I really couldn't have been more obscure, could I? :P

In 1932, "the first oil field in the Persian Gulf outside of Iran" was discovered in Bahrain [1]. (The same year Saudi Arabia announced unification [2].)

In the end, Saudi Arabia had larger reserves and wound up geopolitically dominating its first-moving rival. In commodities, the game tends to be scale in part through land grabbing. Less who got where first.

To close the analogy, if AI does wind up commoditised, the layers at which that commodity is held are probably between power and compute [3]. So if AI commoditises (commodifies?), Google selling computer (and indirectly power) to Anthropic and OpenAI is the smarter play than trying to advantage Gemini. (If AI doesn't commoditise, the opposite may be true–Google is supercharging a competitor.)

[1] https://en.wikipedia.org/wiki/Bahrain_Petroleum_Company

[2] https://en.wikipedia.org/wiki/Proclamation_of_the_Kingdom_of...

[3] The alternate hypothesis is it's at distribution.

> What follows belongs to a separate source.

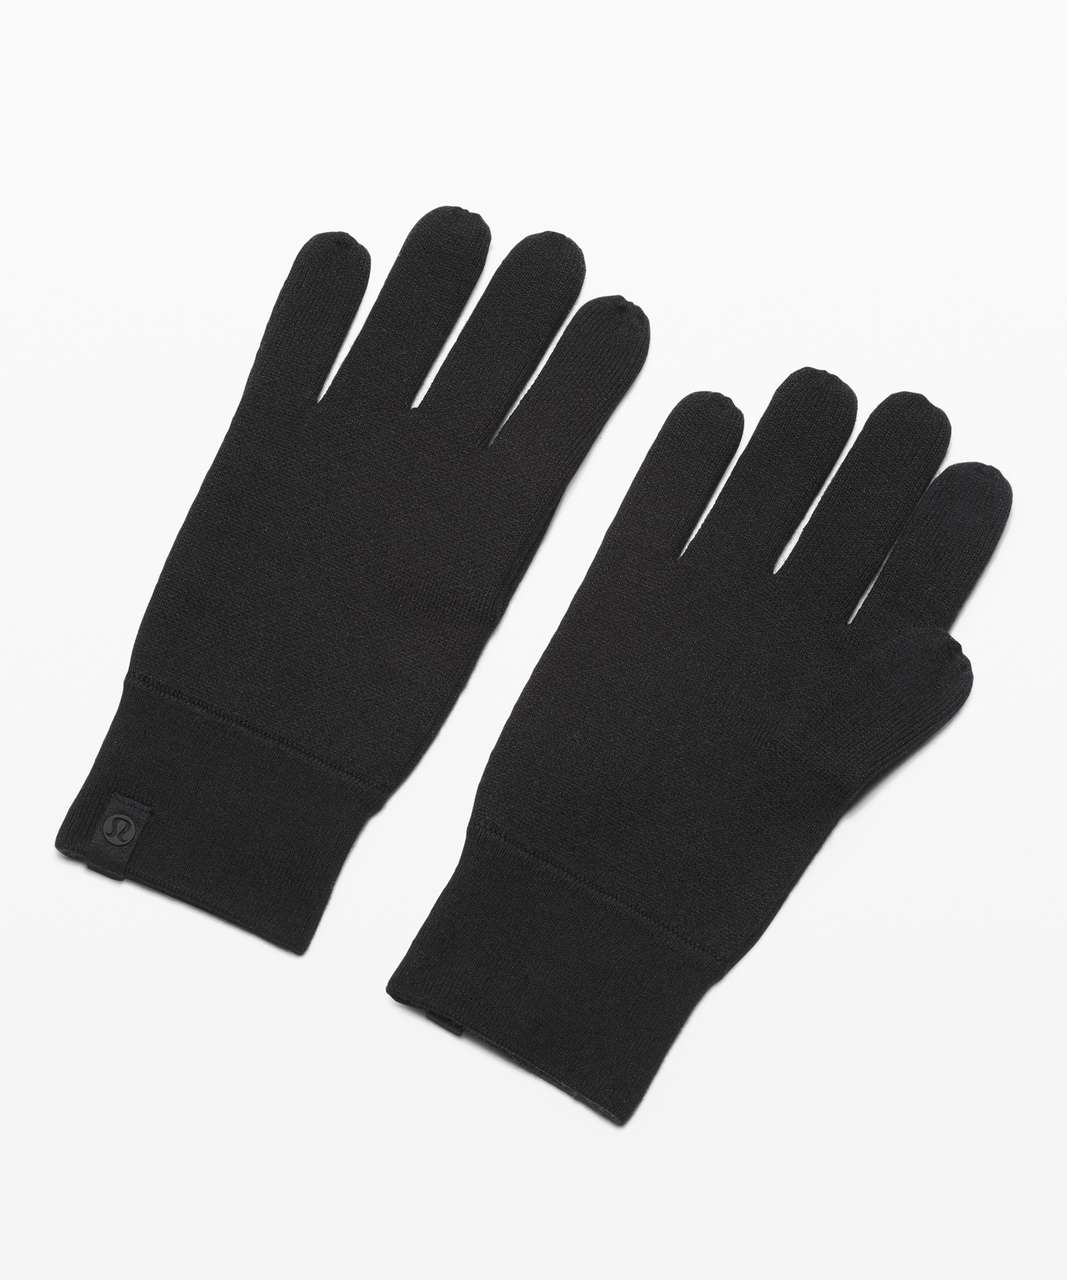 Lululemon Alpine Air Glove - Black / Graphite Grey

Plus the whole thing of first mover advantage being a myth, especially in the tech industry


> Plus the whole thing of first mover advantage being a myth, especially in the tech industry

Source? That would be surprising!


https://hbr.org/2005/04/the-half-truth-of-first-mover-advant...

https://static1.squarespace.com/static/5654eb6ee4b0e19716ec5...

Showing how old I am with that reference

A more recent article https://www.productplan.com/learn/first-mover-advantage-fast...

I should say it’s “mostly” a myth, there are some fleeting competitive advantages to first mover but a lot of them don’t apply well to tech companies and there isn’t strong historical evidence supporting it.


Why? Being a first mover only counts for something if it can yield exclusivity that is durable.. you should know this being a VC and all. Real options - hello?

If you want to benefit massively off being a first mover, you better do the work in figuring it out how you are going to acquire exclusivity that lasts long enough that keeps most firms out.


I believe they were drawing a parallel to oil commoditization, but that's as far as I got.